(Data segment)

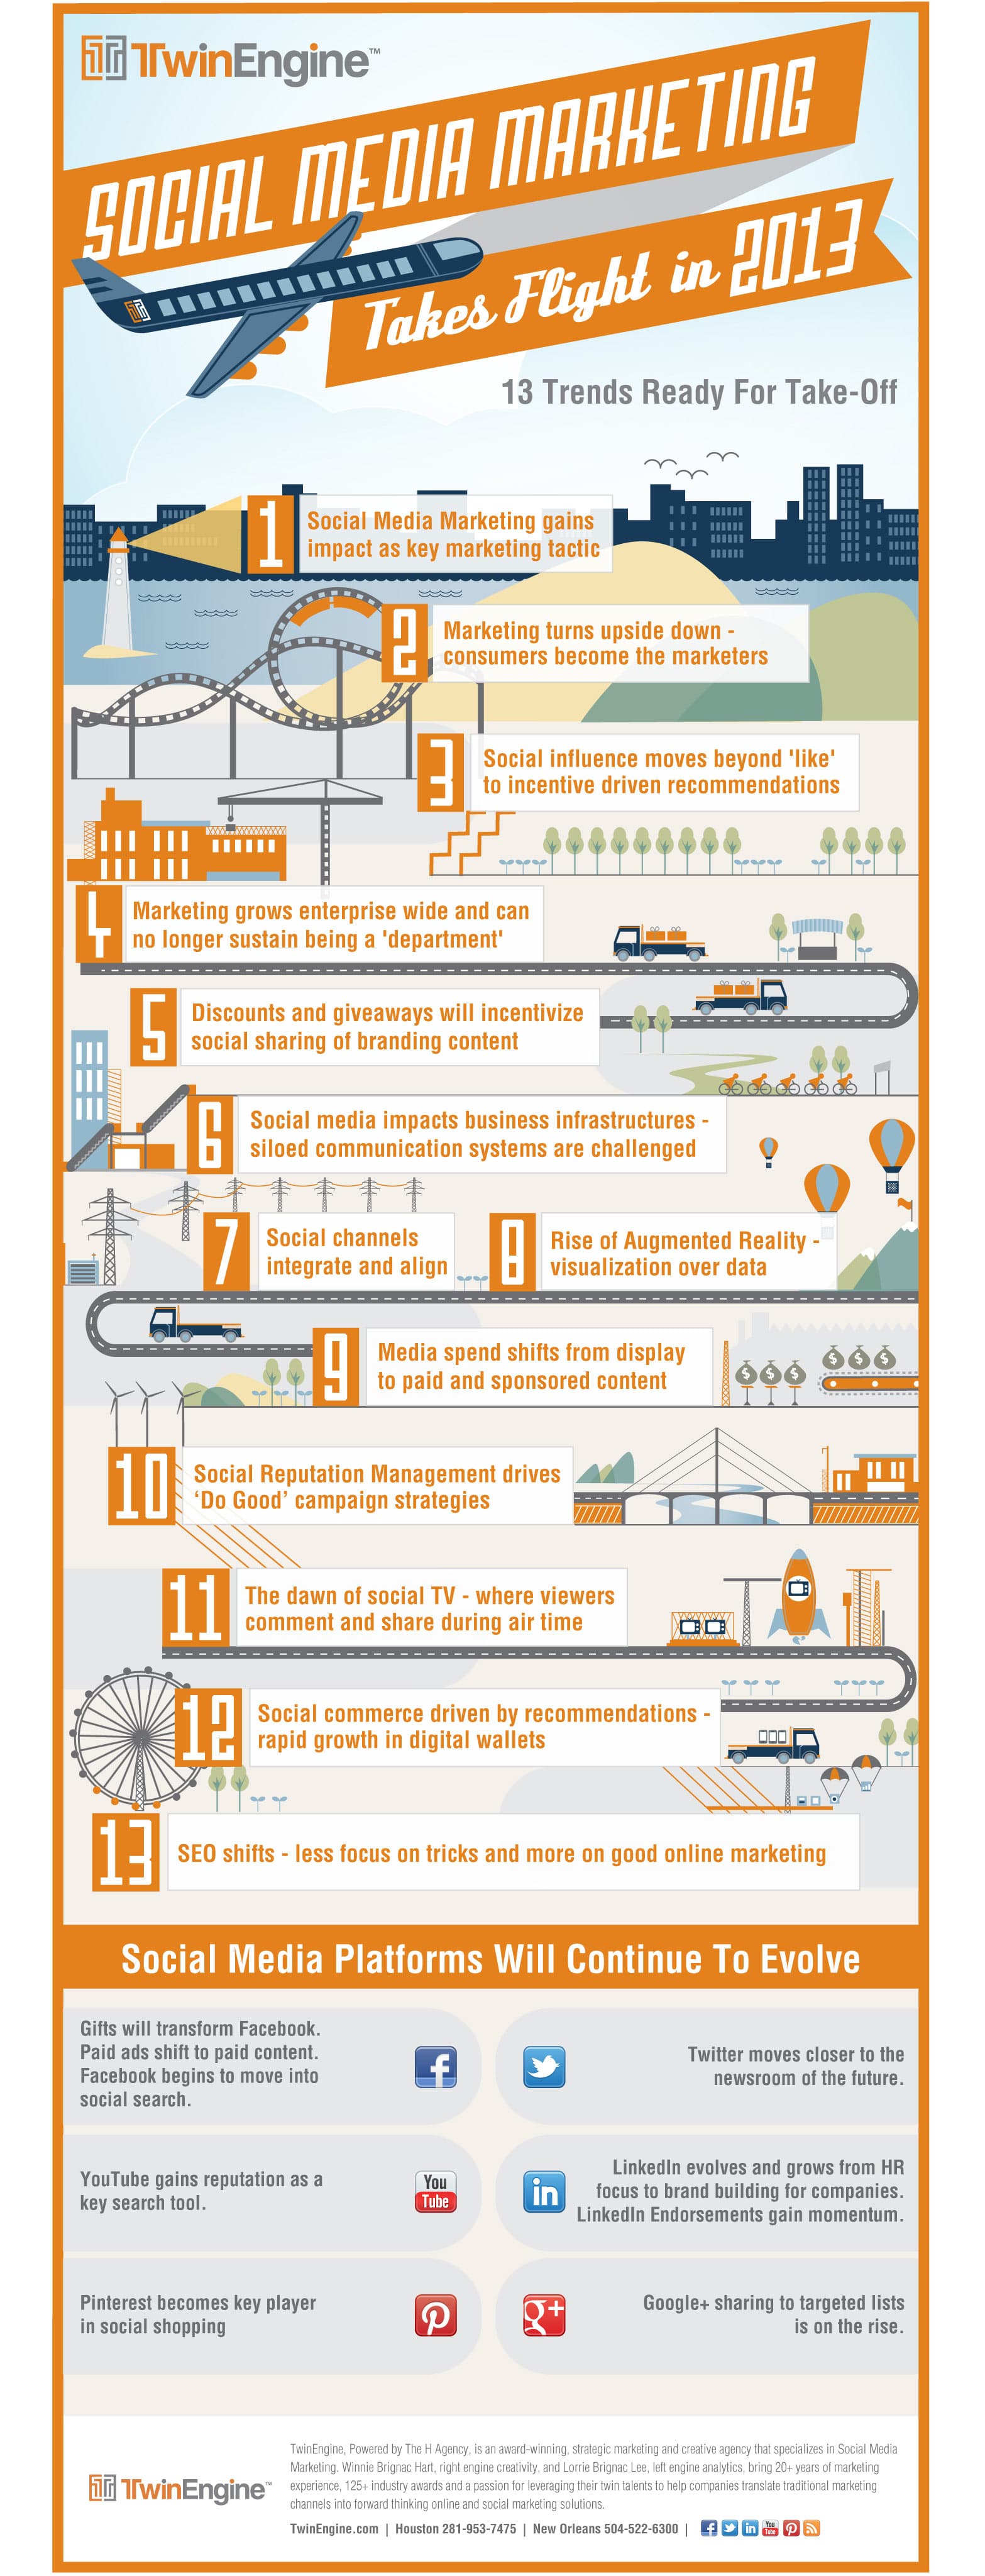 internet-marketing-trends-2013-infographic
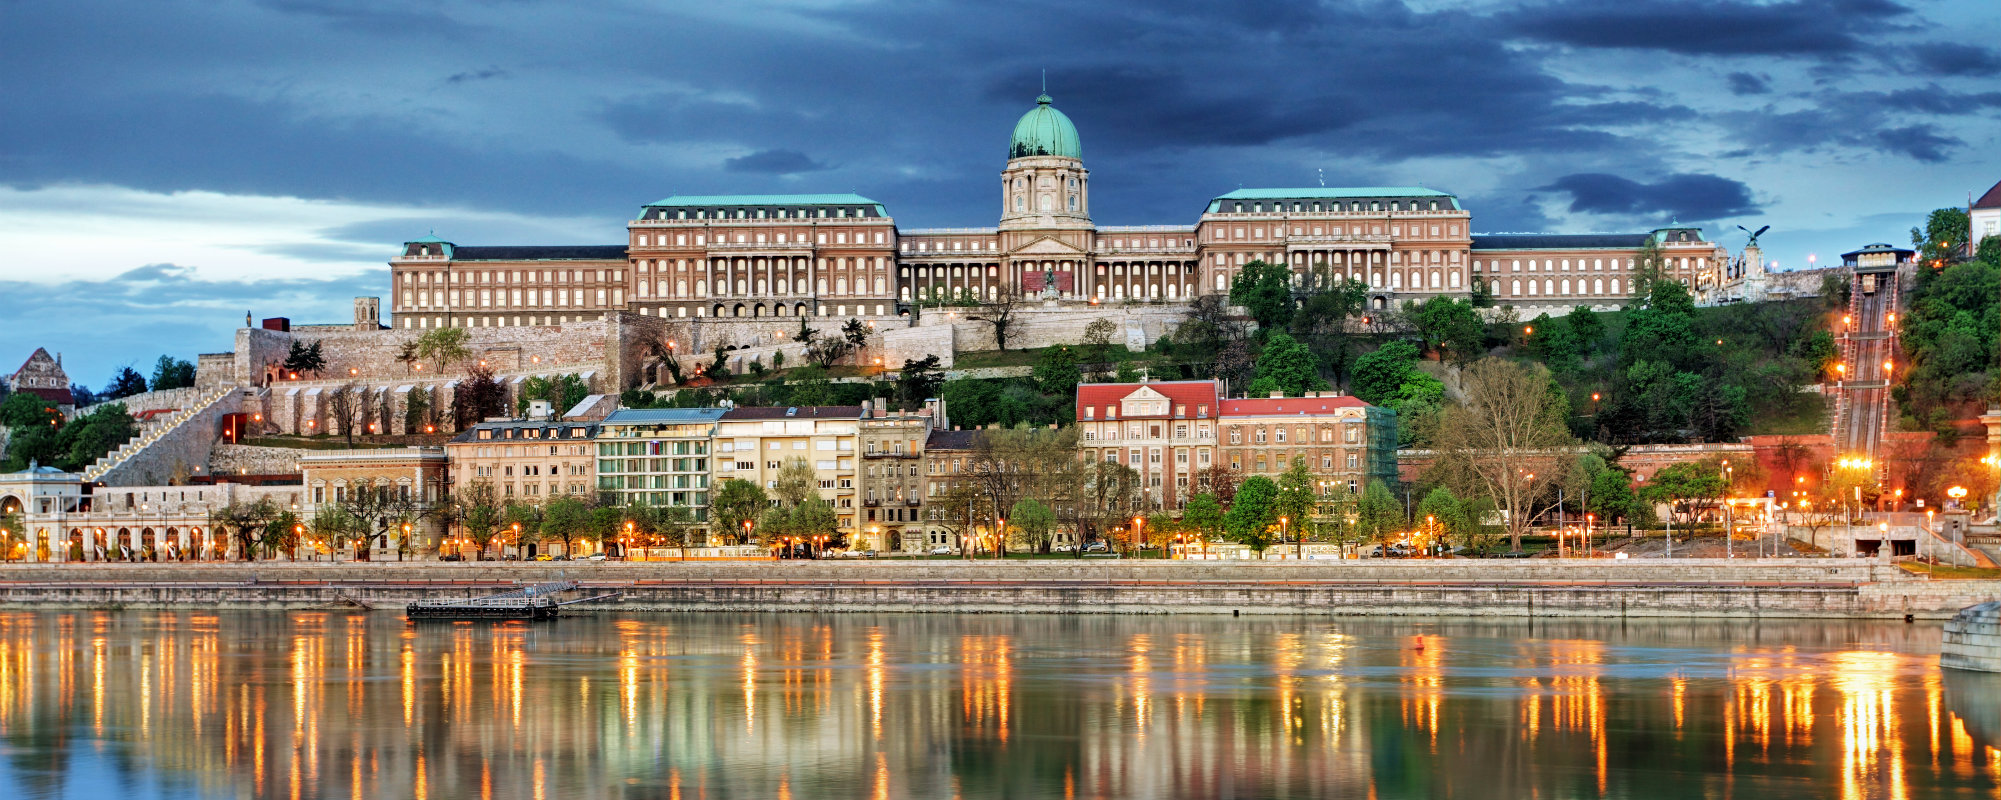 Budapest CastleA
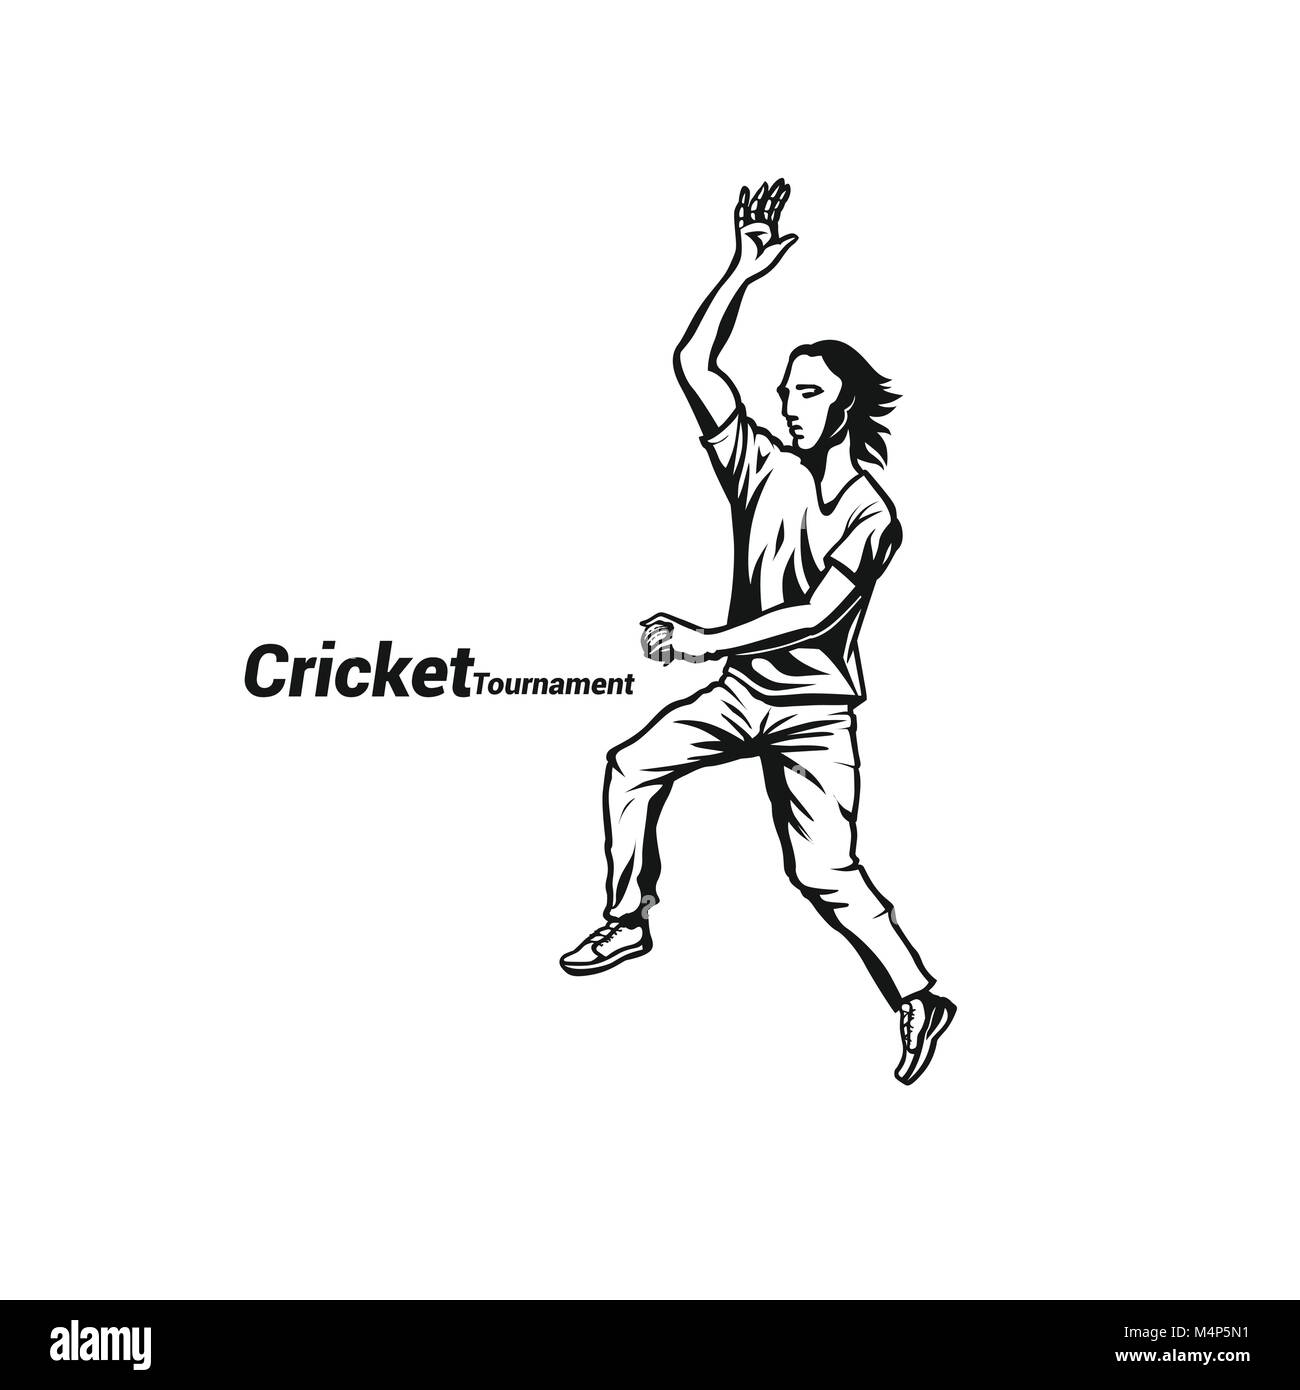 Cricketer bowling a ball vector illustration. Stock Vector

(End Data segment)

- **Problem details**:
Please reproduce the data above word for word, skipping all images.

- **Answer section**:
 internet-marketing-trends-2013-infographic
 Budapest CastleA
 Cricketer bowling a ball vector illustration. Stock Vector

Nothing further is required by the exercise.